Sent you a PM, Rhia. Our place is just shy of 6 acres so it may not be suitable for you.


----------



## Joshie (Dec 8, 2008)

You probably cannot borrow against the property if nobody else could get a mortgage. Is the property worth what you want? Is the building worth fixing up? I ask because you say that the wiring is bad and the community is dying. I know you want to use the place to get out of debt but it sounds as if that may not be realistic.


----------



## Texasgirl72 (Feb 6, 2013)

quietintheland said:


> What is your current selling price as is? How much can you realistically afford to invest in fixing up your homestead? If you made all those fixes and improvements, how much would your selling price increase?
> 
> If you can afford, say, $200 a month, in fixing up the place, I would do it to make the property more marketable. Though I would be extremely choosy in what I fixed/improved/upgraded, focusing on structural and mechanical where you will get dinged on an inspection, and leave the the cosmetic changes for later.
> 
> ...





Joshie said:


> You probably cannot borrow against the property if nobody else could get a mortgage. Is the property worth what you want? Is the building worth fixing up? I ask because you say that the wiring is bad and the community is dying. I know you want to use the place to get out of debt but it sounds as if that may not be realistic.



The wiring is fine now. I've taken care of infrastructure, as it were. The community is either dying or waiting to come back. It all depends on what the city does to invite business here. We've had numerous closings but one place is now expanding and hiring and some businesses are coming this way. We are between Houston and Dallas and I think there's potential but if you want to live here now, count on a commute. I am self employed and don't require a local economy but would like one so that I can eat at diverse restaurants when I want to and not drive an hour to do so. I am kinda 1/2 city girl and 1/2 country girl and therefore, not in love w/ Corsicana. I like the property but crave the variety that the city offers as to food. I will find a happy medium but again, I have other concerns, namely my mother.

Forgot to say, thank you for your input, Joshie. I want everyone's input. I am not closed minded at all. But I think the place is worth my asking price. It was listed at almost 90K when I bought it. I didn't pay anywhere near that but I did put a lot into it and have only made it better, safer and more livable in some respects, less livable in others whilst making it safer.


----------



## Joshie (Dec 8, 2008)

I ask a real estate agent what (s)he thinks you can get out of the place now. I'd then ask how much various improvements would add to its worth. We got $50K less for our suburban house than it was worth three years ago. Things are not worth what they used to be. <sigh> Things are worth only what people will pay.


----------



## Texasgirl72 (Feb 6, 2013)

I agree, Joshie. And I'll just stay here if I have to. And move mom down. I think she'd like it but still worry about her adjusting.
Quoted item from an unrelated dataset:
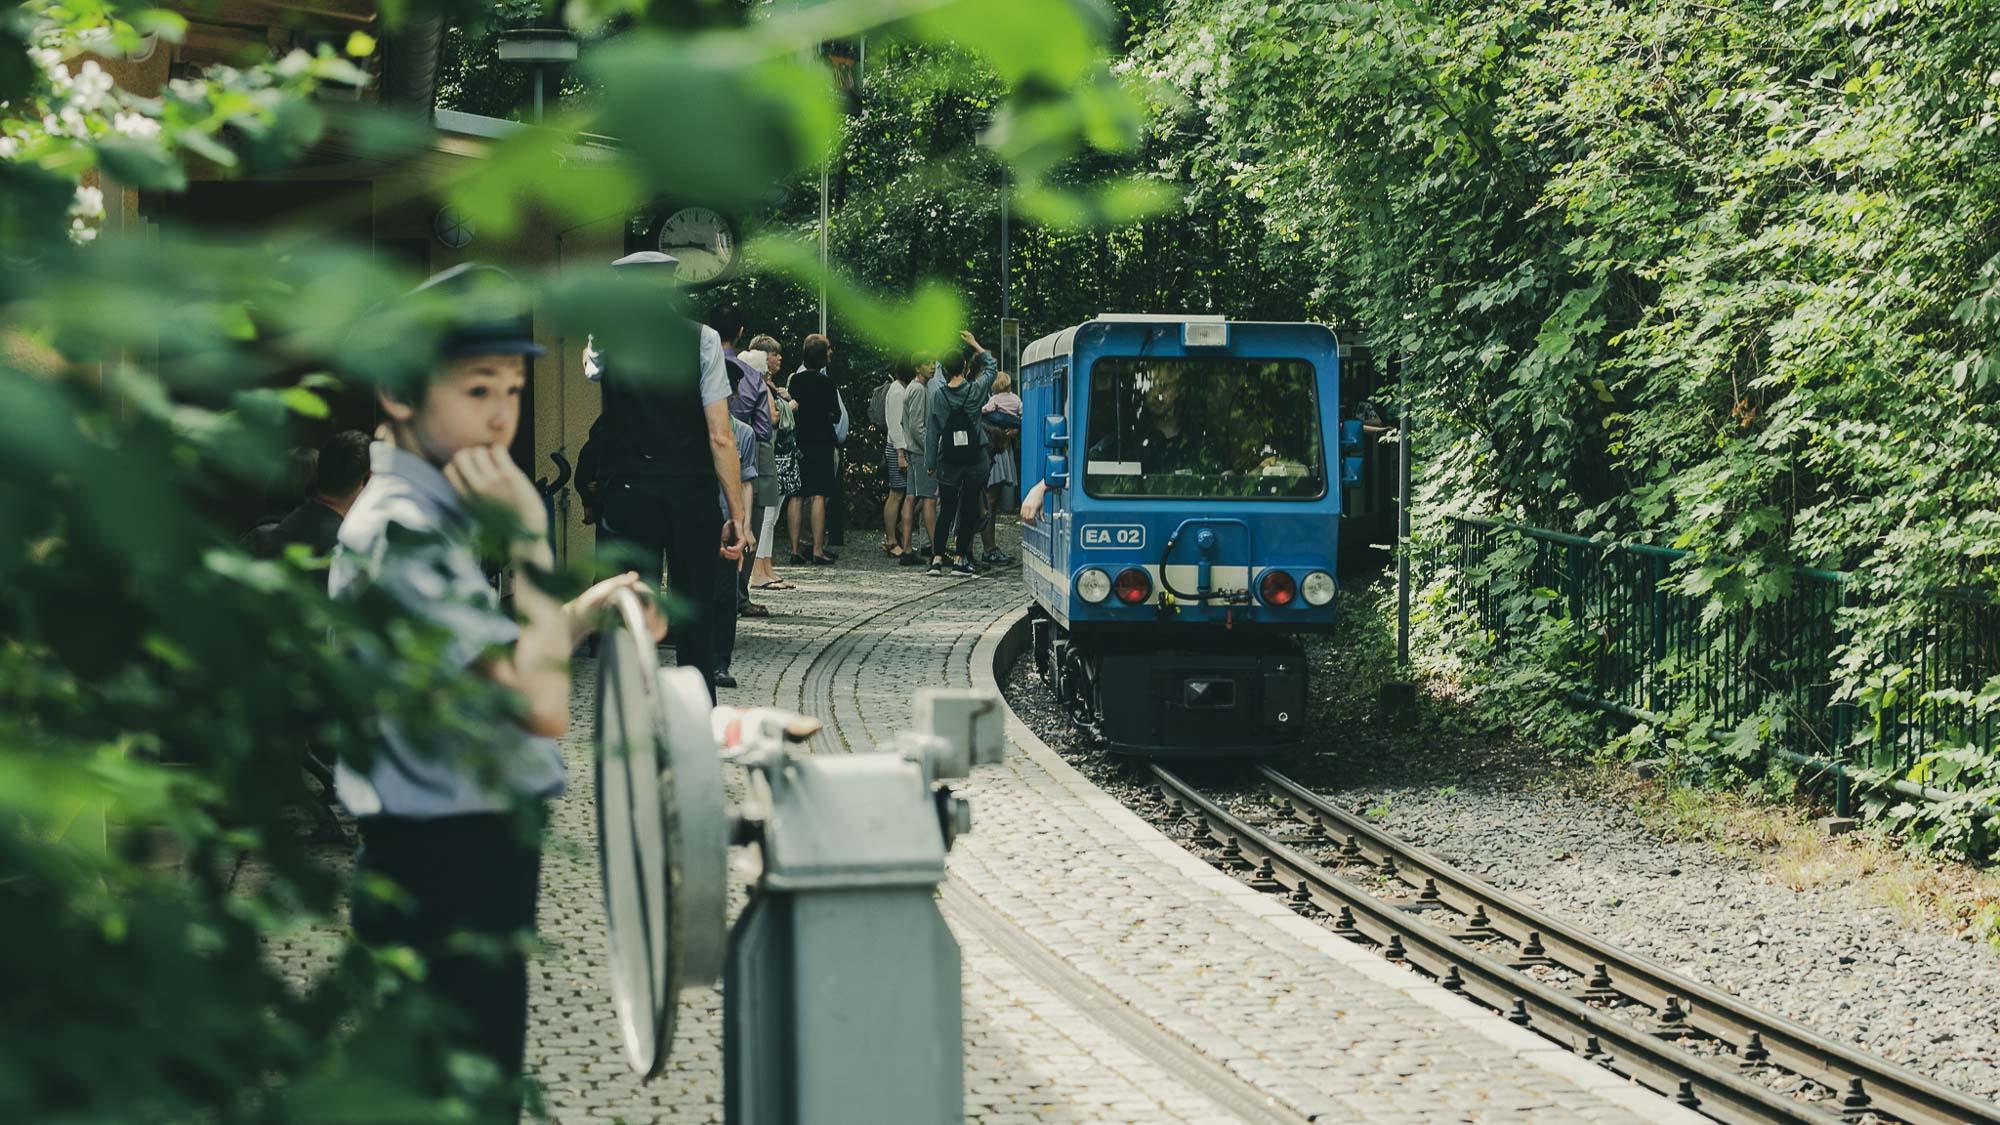 venolab / Vorsicht bei der Einfahrt des Zuges

Luckily, this place is actually more well suited to what she needs than where she's living now if I do the needed improvements. She gets 2 days/month at the Elk's lodge for activity. She needs more. Here, she'd get daily activity if she deemed it necessary and less if she wanted less. I'm seriously on the fence here. We both own our properties. I just need to figure out which one makes more sense to keep long term. Maybe this needs a separate thread. I just have a whole lot on my mind.


----------



## whiterock (Mar 26, 2003)

Mom may be a lot happier with you there. What is her old neighborhood like now? Is it going down, up or staying the same. I'm goin on 63 and I don't want to live in even a small town, need my space around me.

Corsicana is not a bad place for a small county seat, has the college there, and the cake factory, lol. Sure the values are less but so are the taxes, and you can run up I 45 to take a hit at a restaurant now and then.
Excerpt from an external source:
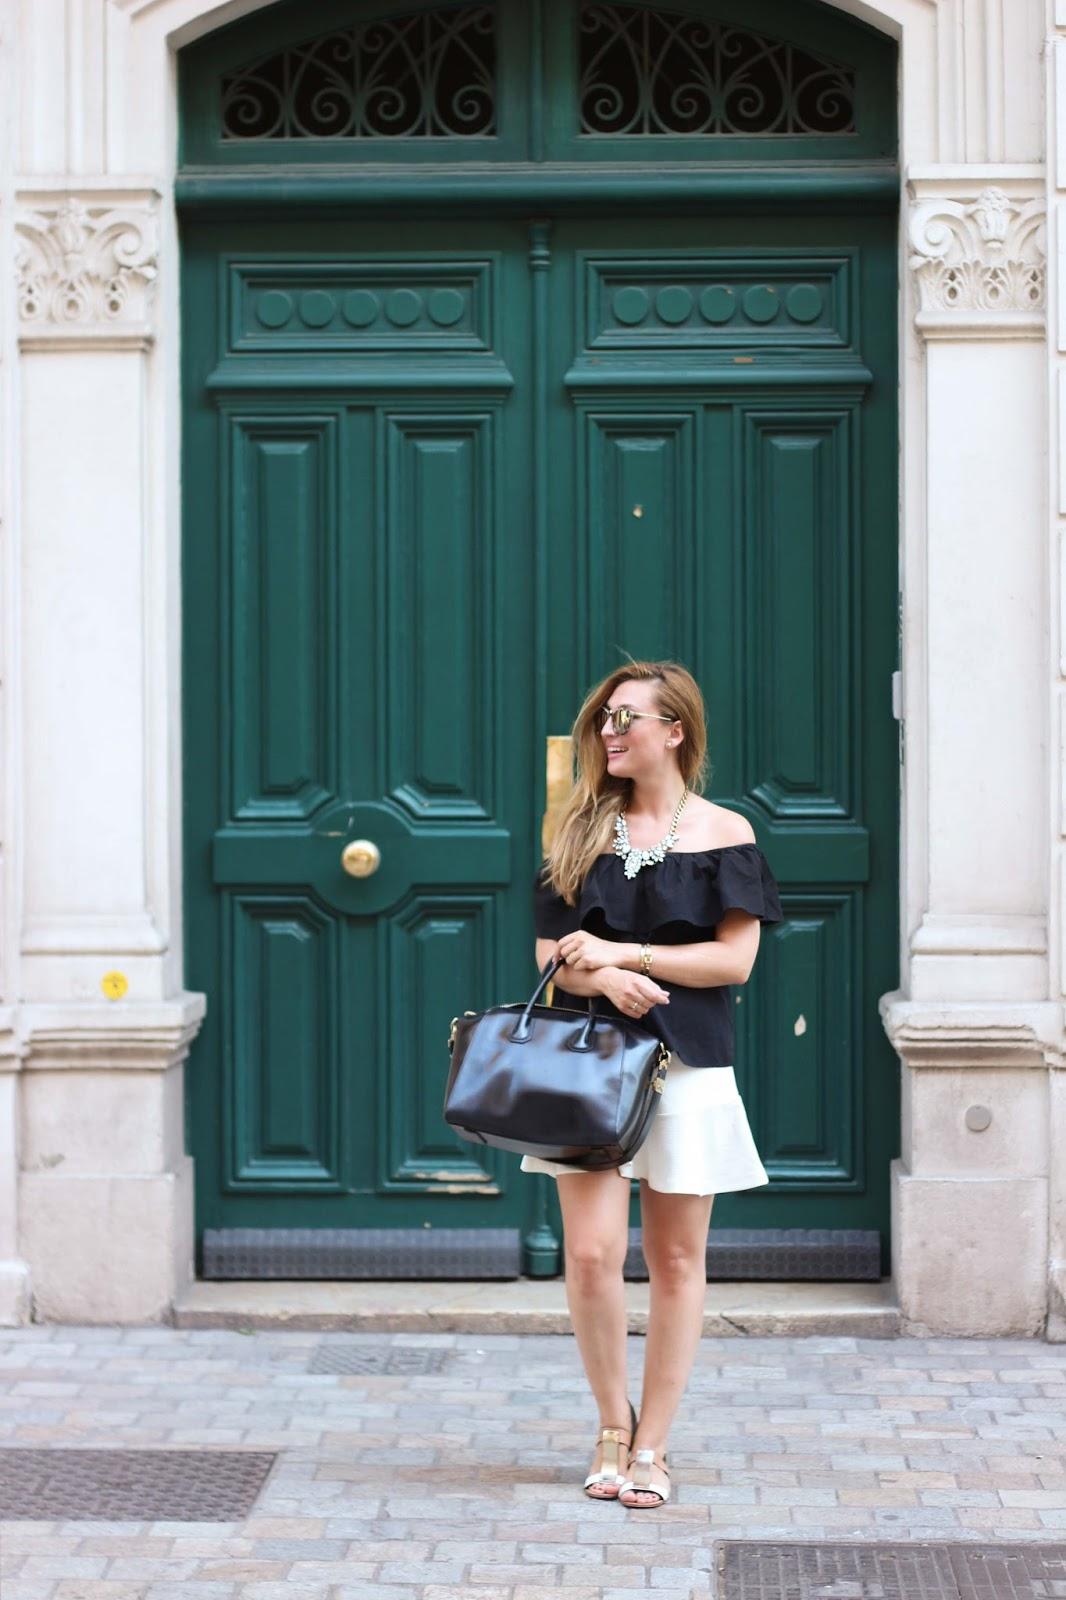 Fashionstylebyjohanna-Sommerlook-Cannes-Blogger im weißen Rock-Blogger aus Deutschland-Dseutsche Fashionblogger- Fashionblogger aus deutschland- Frankfurt Blogger -Blogger aus Frankfurt-OffShoulder Top.

What soil do you have? Corsicana is on the edge of the Blacklands so one side or the other can make a difference in soil types.

As to the floors, vinyl and carpet can work, so can a really good paint job with porch and floor paint. I painted my floors, and they are concrete. Like the look it gives with my Texas/Southwestern decor.

Ed


----------



## Texasgirl72 (Feb 6, 2013)

Thank you, Ed. The soil here is excellent.. sandy loam w/ just enough clay. I brought a shovel when we first looked at the place. I have considered both painting the floors and doing the paper bag flooring which is time consuming but beautiful (IMO). Rhia, who posted above w/ interest and I are becoming pals via email. Now I kinda want her to find another place here so we could be neighbors! I have a driving phobia (I won't use interstates.) so it takes a lot for me to go anywhere. To get to FW, I hook a left on 22 make a right on 308 at Mertens, head up through Venus, Maypearl and Mansfield, then Kennedale on 157. I take that to Seminary Drive and go all the way over I35 to get to mom's house. The driving issue is a problem for sure. Her NH is going Up. She lives in the Fairmount district. So, that's another consideration. She grew up in the country and has agreed to come here or for us to go there. She'd be happier if we came that way but I would miss my farm and feel weird not owning anything. I bought my first house when I was 19 and haven't rented since. (I'm 40 now) So, I won't feel at ease not owning anything, that's for sure. Oh, and you're forgetting that we also have the Lefty Frizell museum and are home to Wolf Brand Chili (or were, until they moved).


----------